Standardize on a self-hosted or contractually-isolated model for anything touching malware, IOCs, or internal data, and document that policy so analysts are not pasting samples into consumer chatbots. Keep a versioned library of vetted system prompts (malware analyst, PowerShell tooling, IR playbook author) so output is consistent and reviewable. Treat every model output as a lead: verify extracted IOCs against the actual sample and threat intel, and code-review generated scripts before running them on production hosts. Capture prompts and outputs as investigation artifacts for repeatability and audit.
Security controls relevant
- Self-hosted / data-isolated LLM for any sensitive-data workflow
- Policy prohibiting upload of malware or IOCs to consumer AI services
- Mandatory human review of LLM-generated code before execution
- IOC verification against the source sample and threat intel before action
- Versioned, vetted prompt library for repeatable analysis
- Logging of AI prompts/outputs as investigation artifacts
What I took away from this
The biggest decision in this lab is invisible in the output: it runs on a self-hosted model. The moment an analyst pastes a malware sample or an internal IOC into a consumer chatbot, that data has left the investigation and may be retained, logged, or trained on. Self-hosting gpt-4.1 in Docker is what makes AI-assisted analysis defensible rather than a data-exfiltration incident of your own making.

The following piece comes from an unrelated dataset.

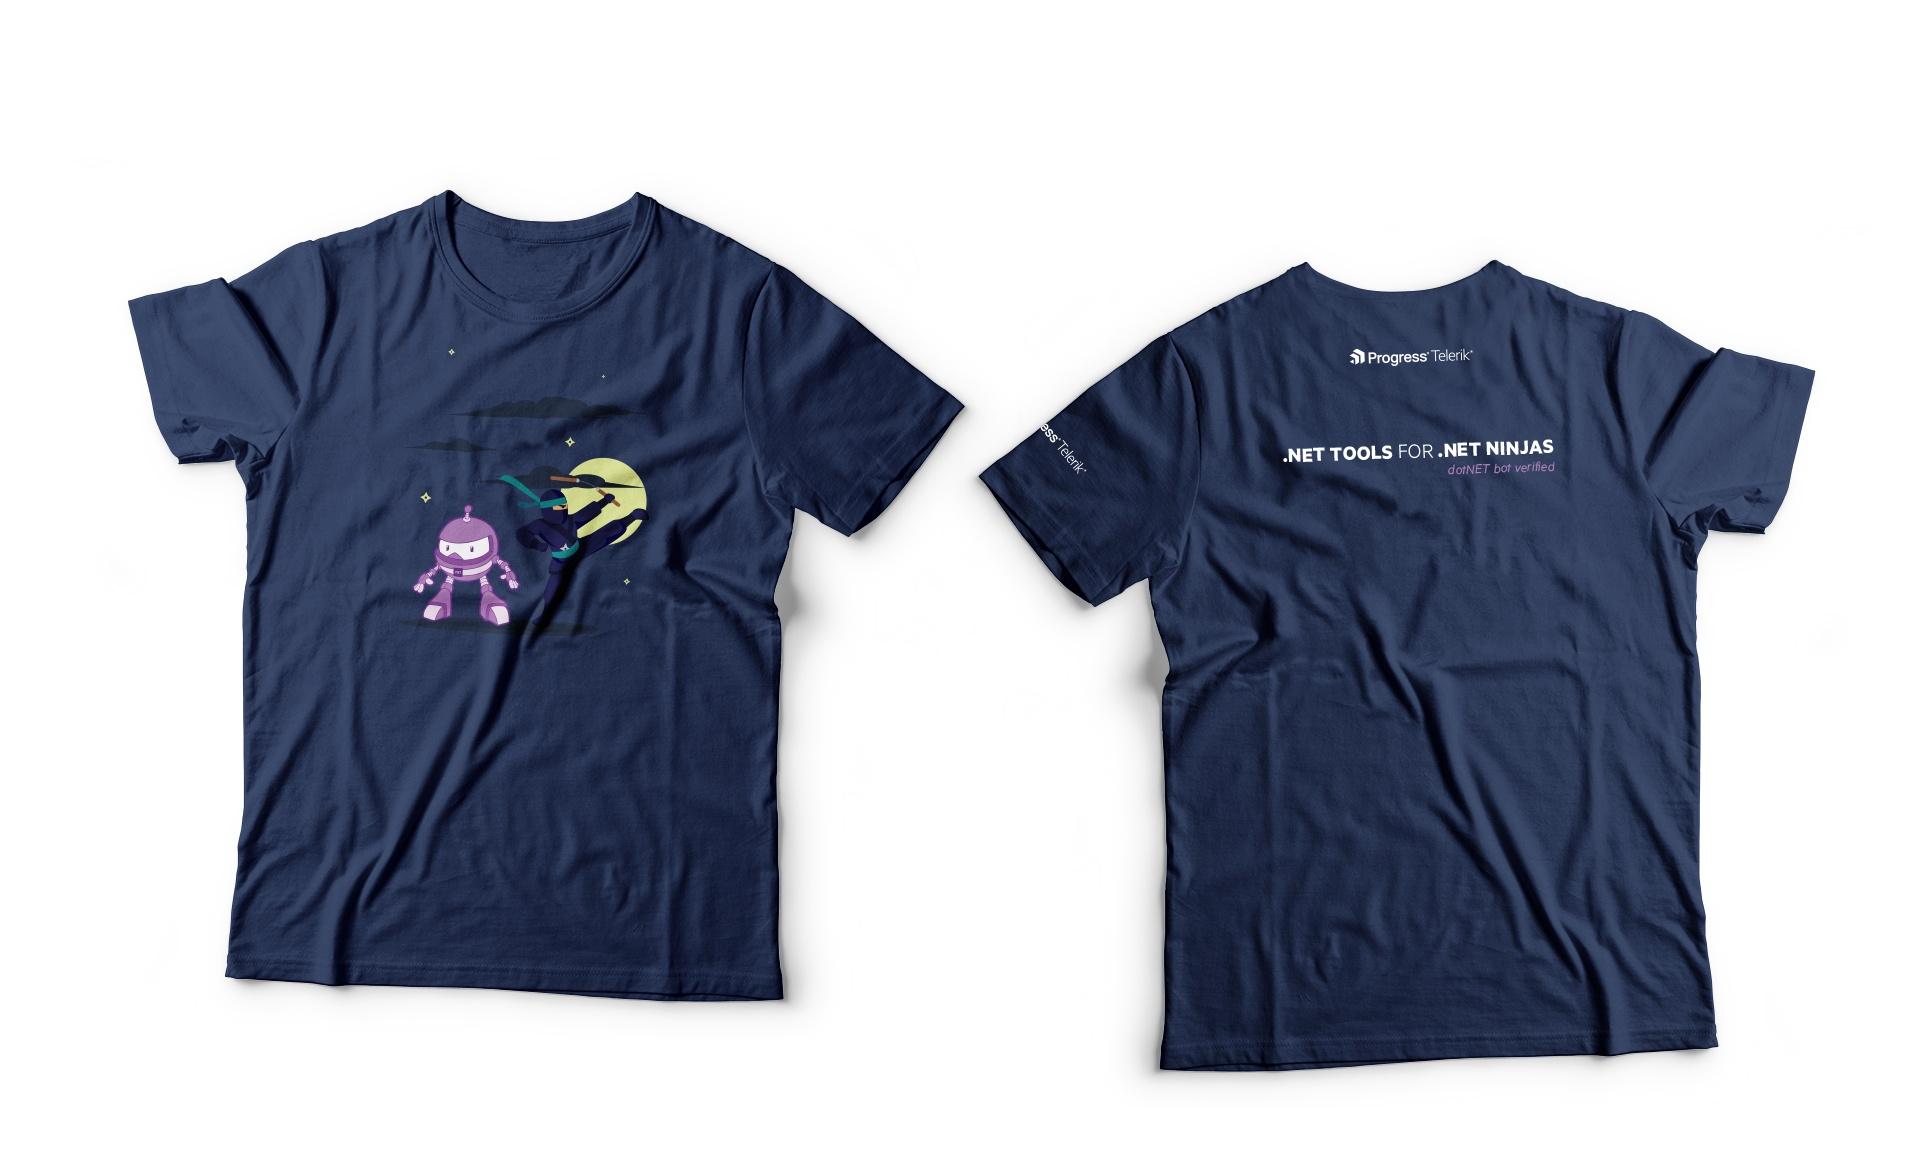 T-Shirt-Mockup1.2.1

Capability is the easy part; the operational-security choice is the part that separates a professional workflow from a liability.
Prompting for security work is a real skill and the lab demonstrates the two highest-value techniques. Role priming ('you are an expert in Windows malware analysis') sets the model's frame, and step-by-step decomposition ('slow down, think step-by-step, one command per line') stops it from taking confident shortcuts on long obfuscated strings. The same model that would hand-wave a single sloppy prompt produces precise variable substitutions when the task is decomposed properly.
AI is an accelerator, not an oracle, and the discipline is verification. The model's IOC list and generated PowerShell were excellent starting points, but the IOCs still have to be checked against the actual sample and the script still has to be code-reviewed before it runs on a production host. The win is real (an hour of deobfuscation becomes minutes), but it is a win precisely because a skilled analyst is in the loop to catch the cases where the model is confidently wrong.